[WHAT YOU SHOULD DO] Transcribe the whole listing without a single picture.

START SOURCE MATERIAL

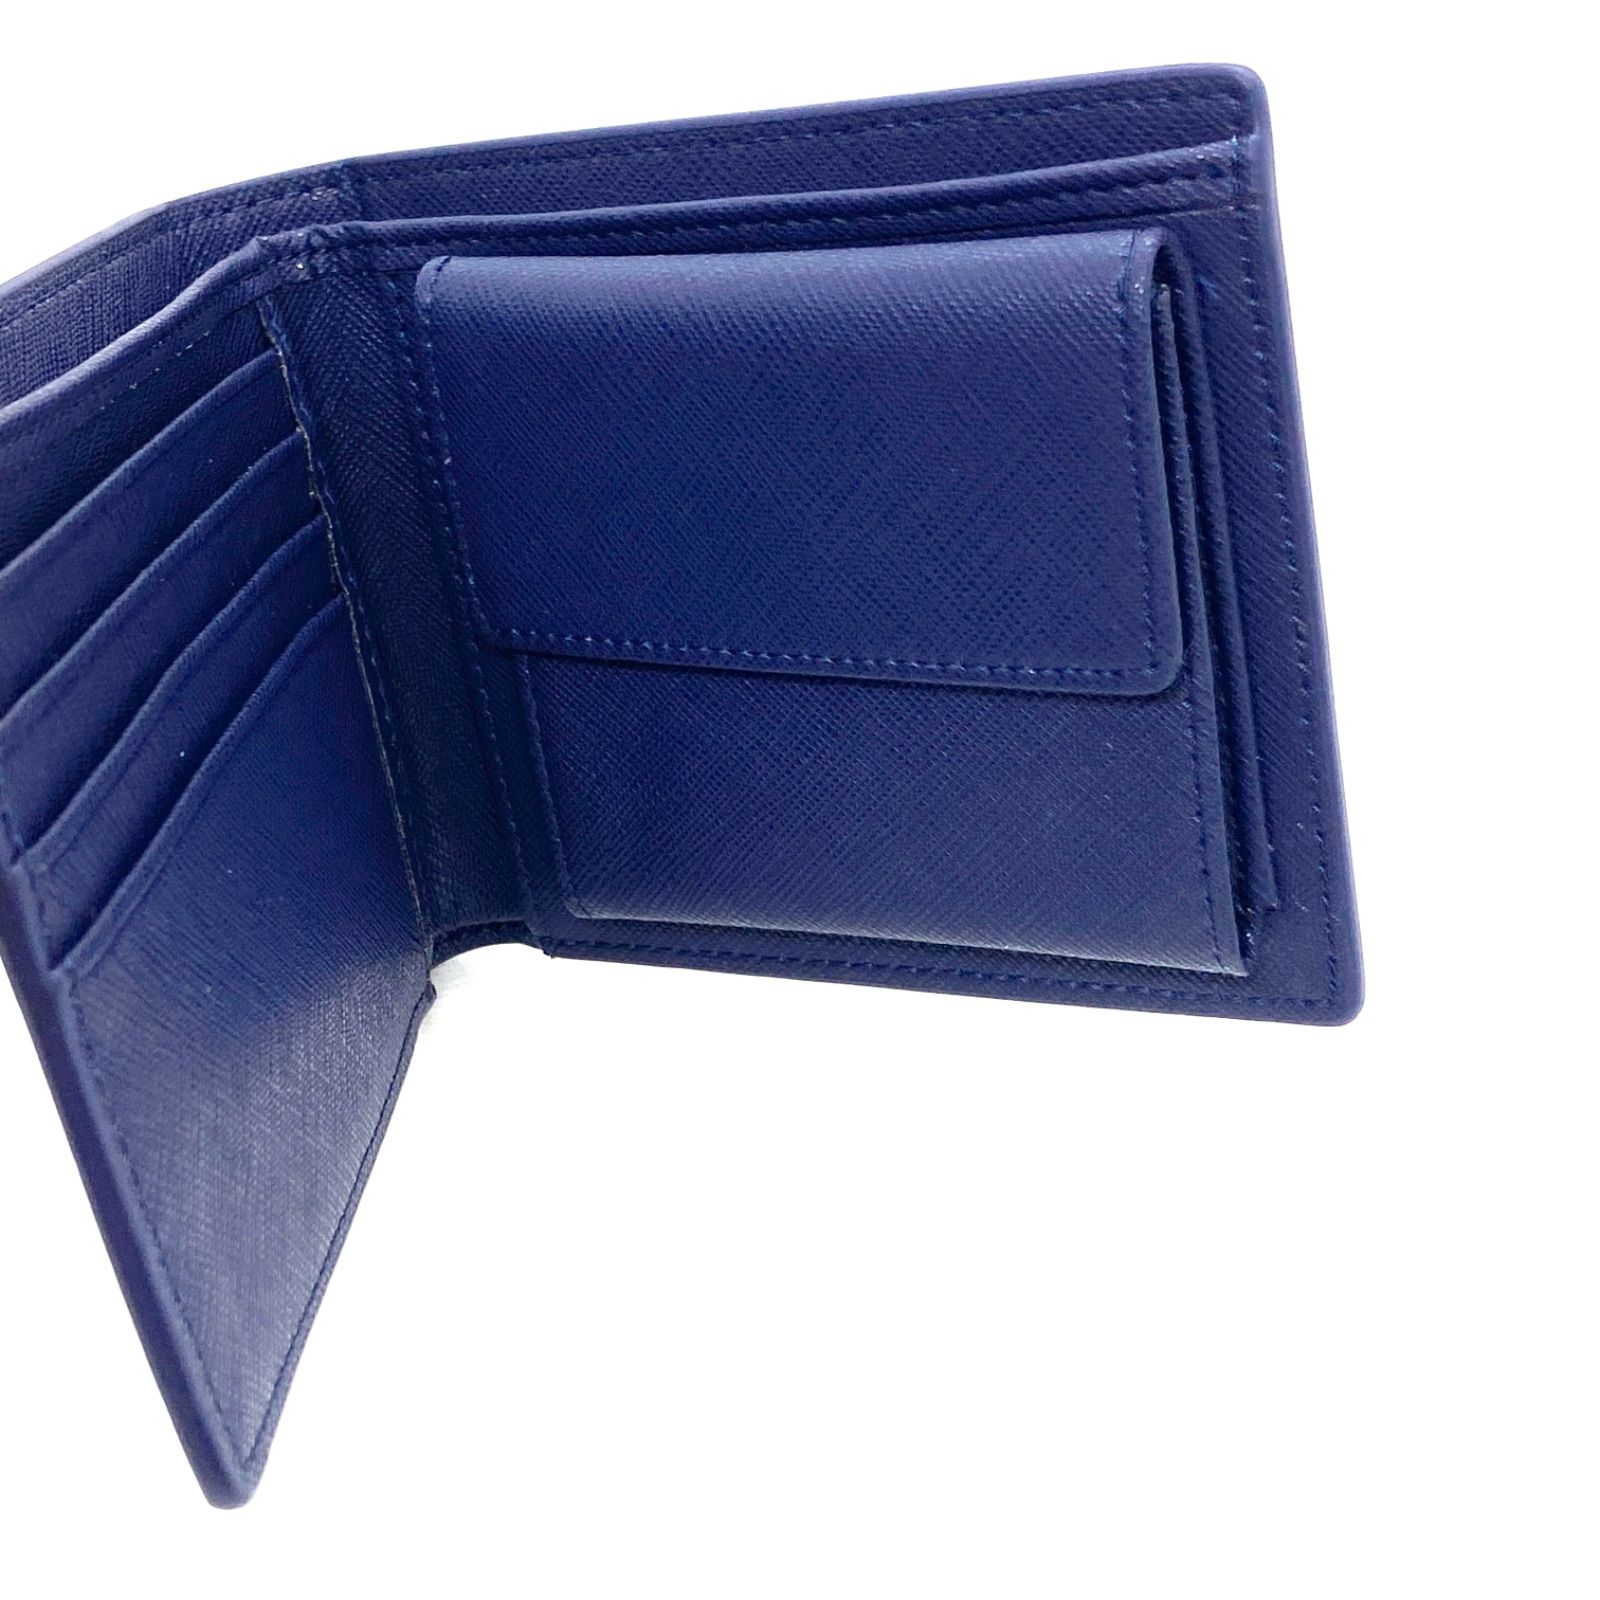 鮮やかなカラー】 本革 コードバン風 二つ折り財布 紺 メルカリShops
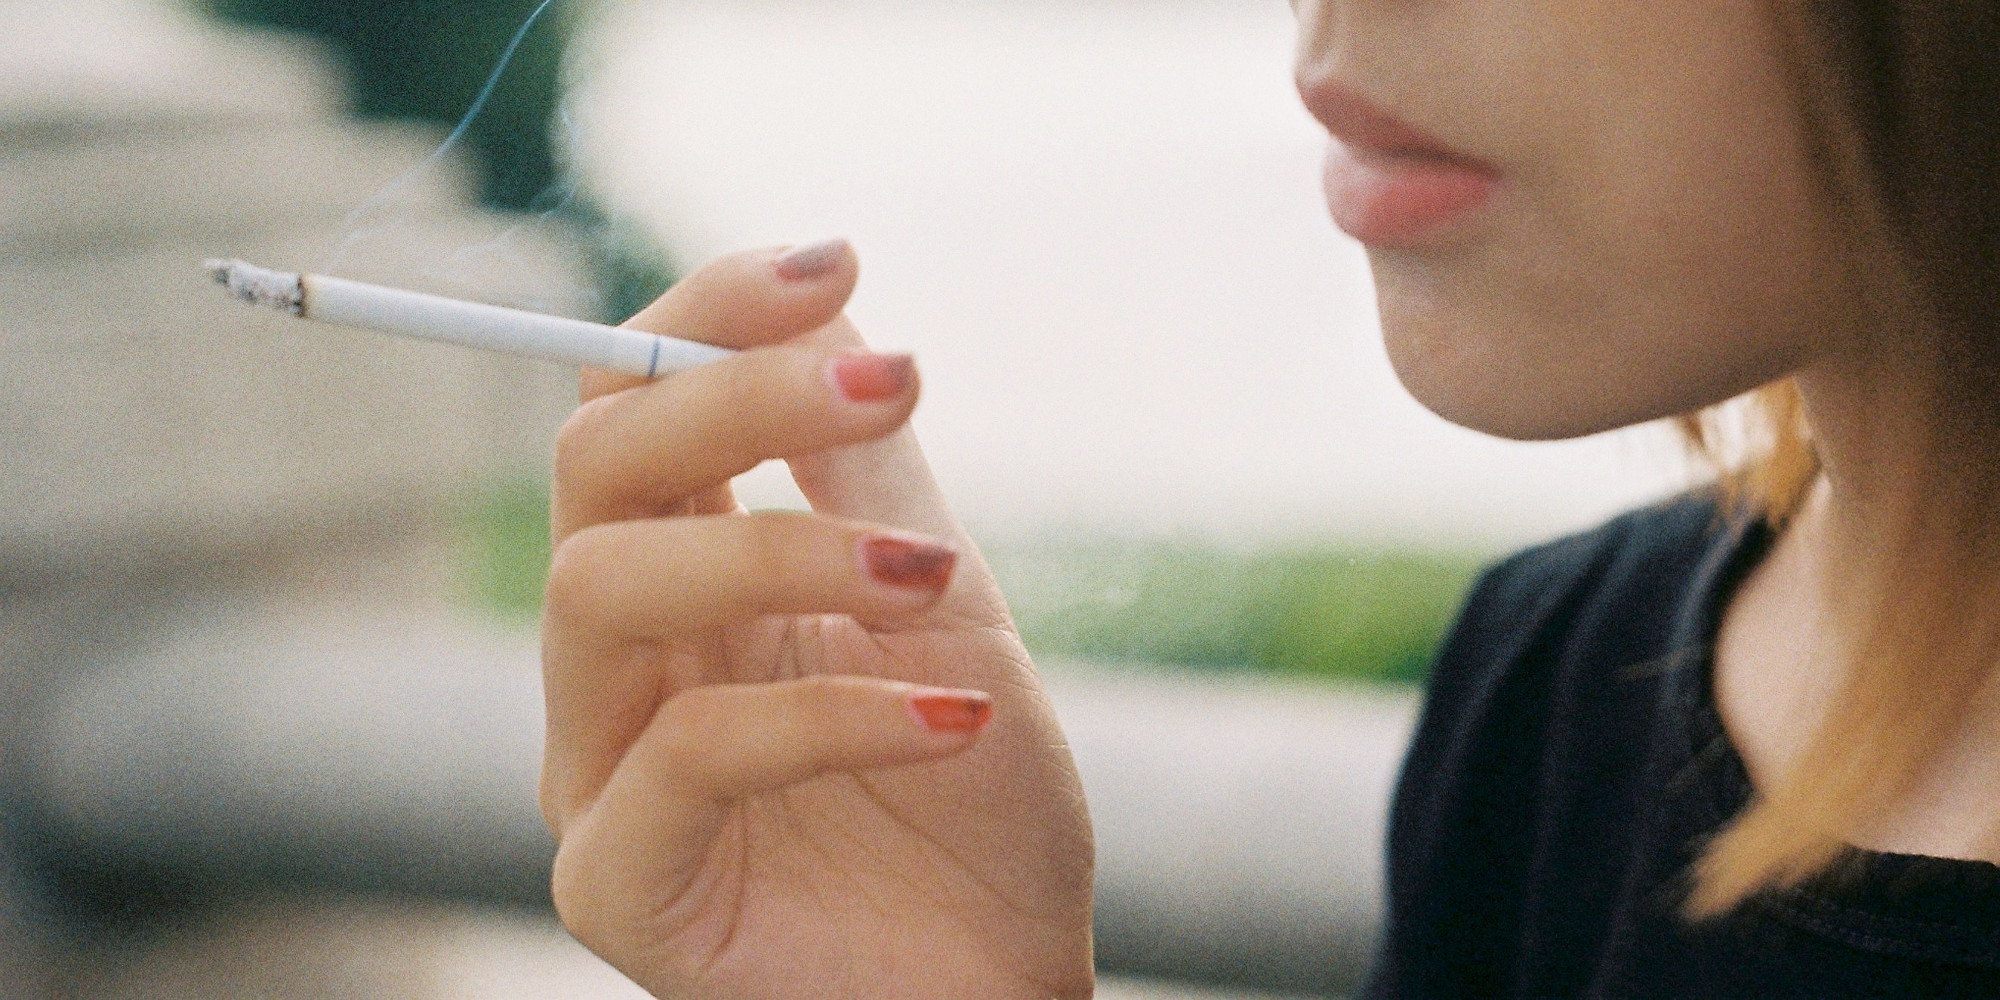 Το κάπνισμα μπορεί να επιταχύνει την εξέλιξη της πάθησης και να μειώσει την αποτελεσματικότητα των αγωγών
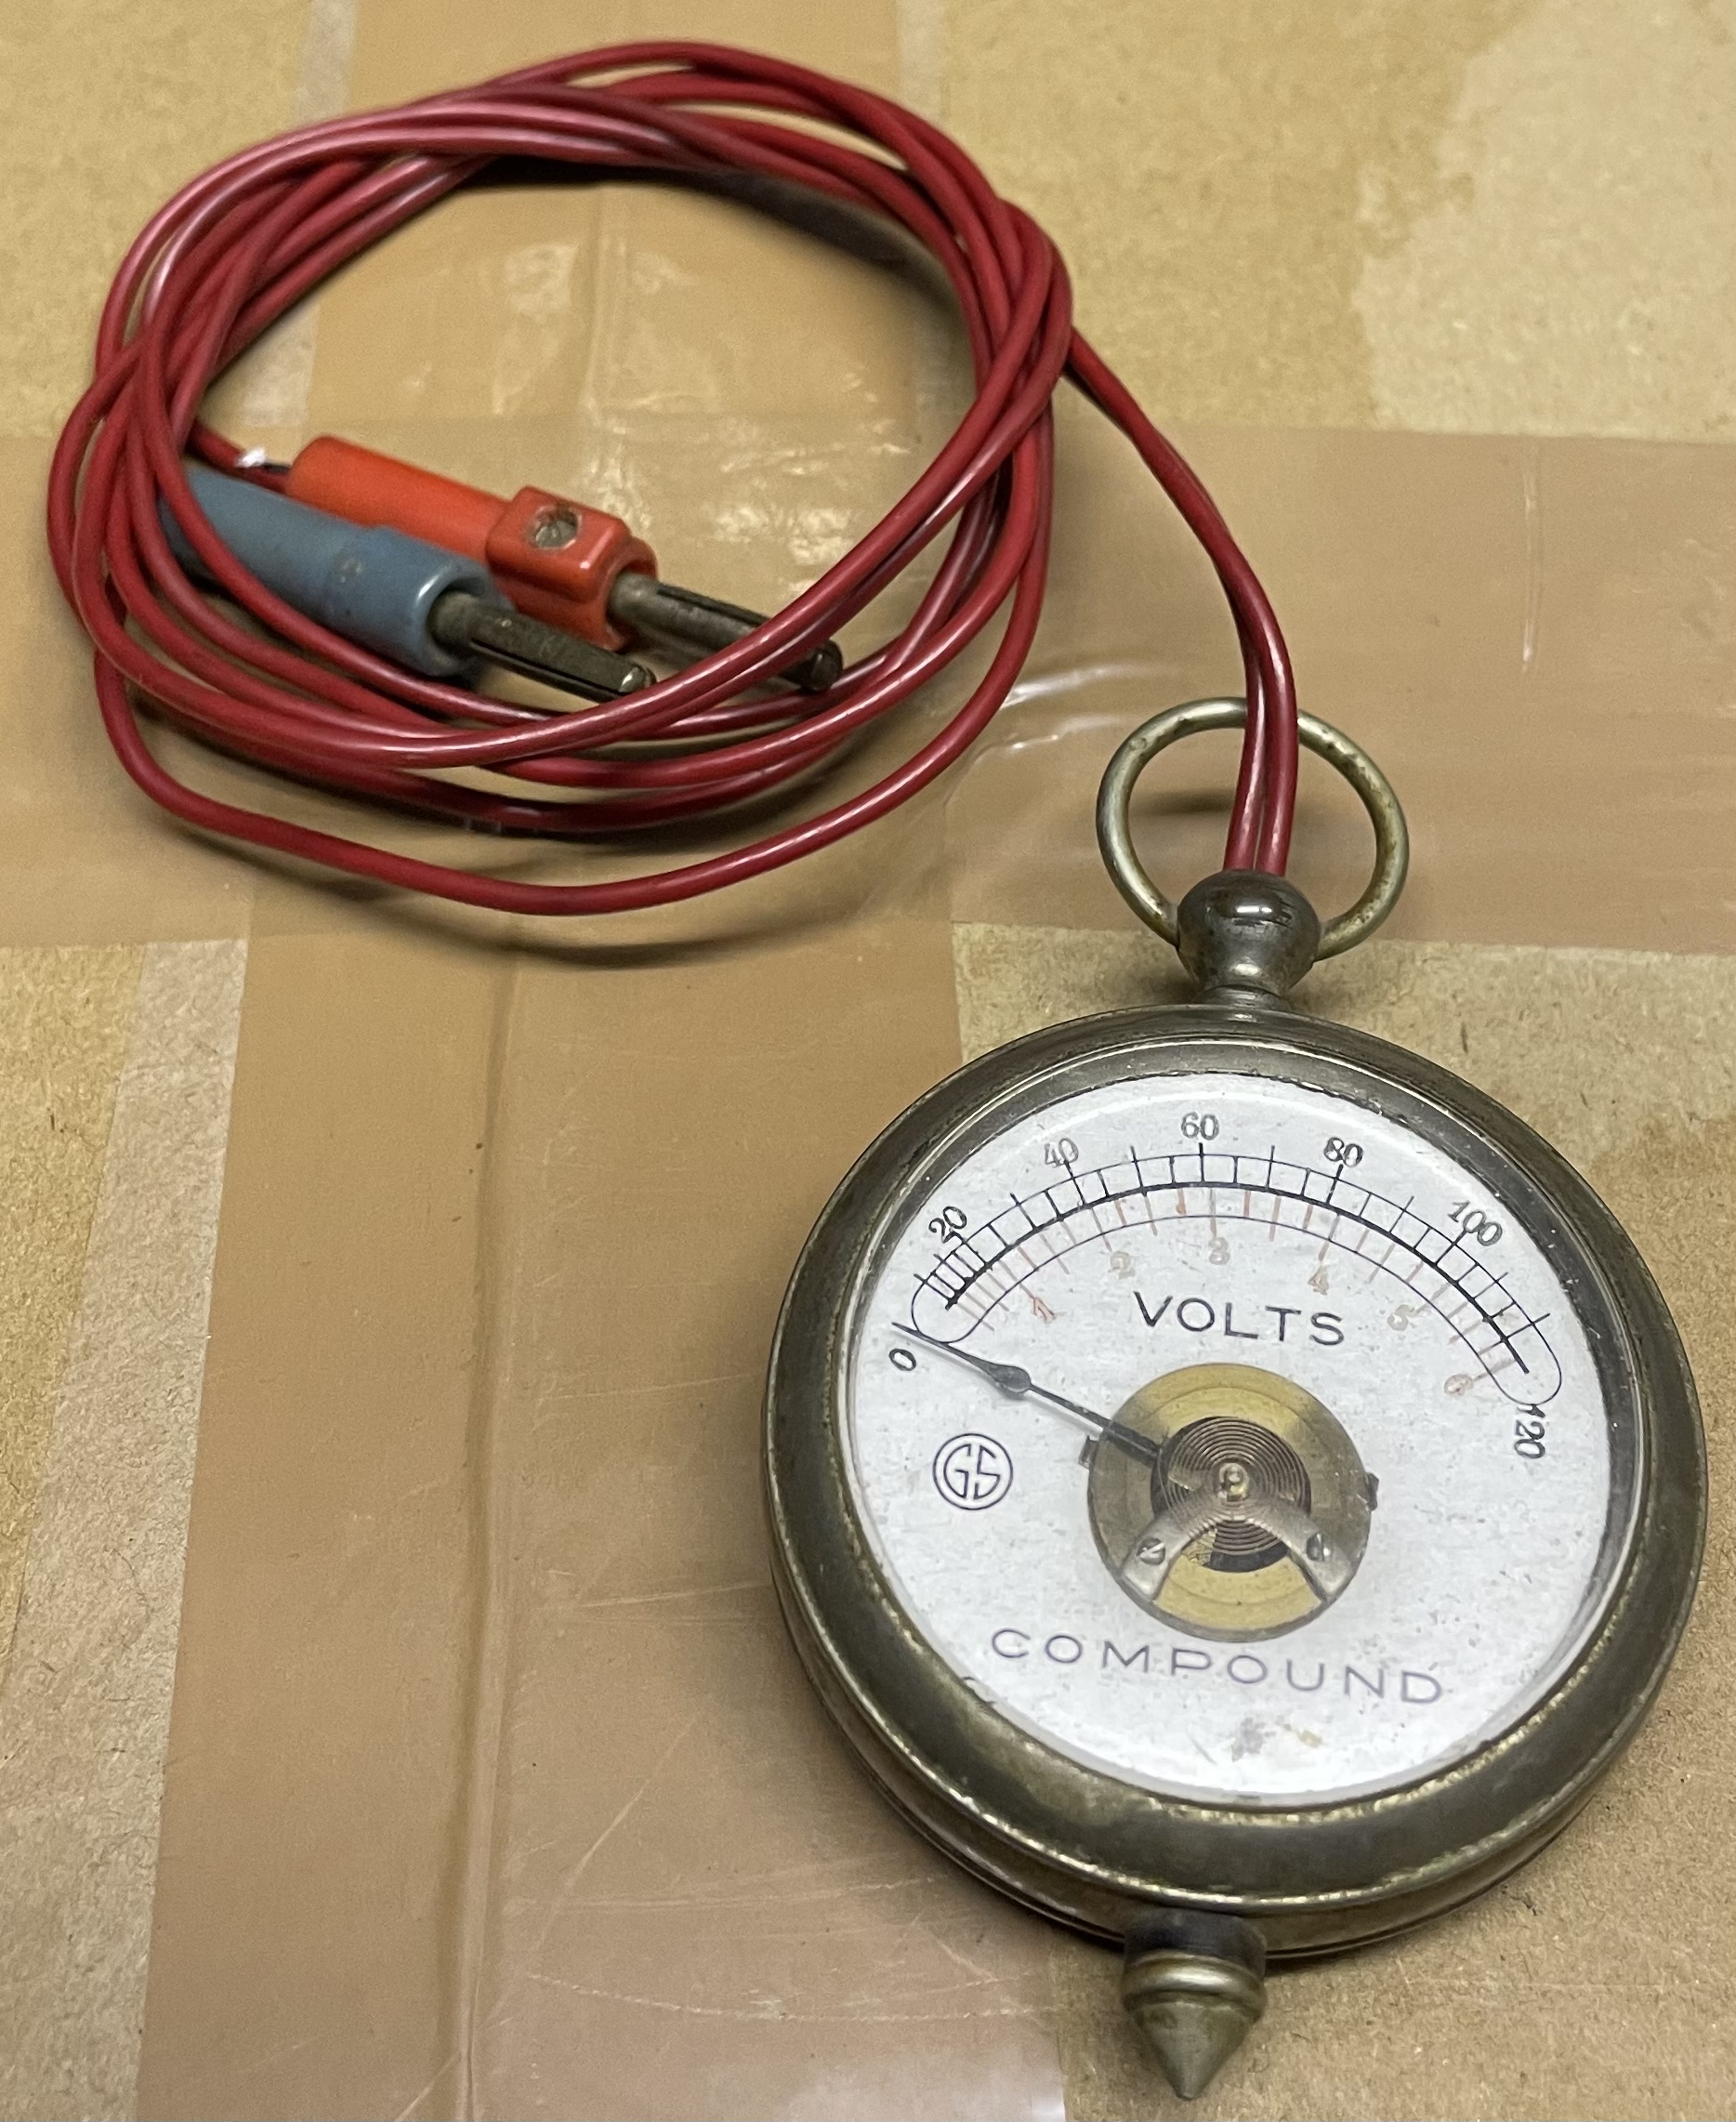 Taschenvoltmeter Compound GS

END SOURCE MATERIAL

[TASK OUTPUT]
 鮮やかなカラー】 本革 コードバン風 二つ折り財布 紺 メルカリShops
 Το κάπνισμα μπορεί να επιταχύνει την εξέλιξη της πάθησης και να μειώσει την αποτελεσματικότητα των αγωγών
 Taschenvoltmeter Compound GS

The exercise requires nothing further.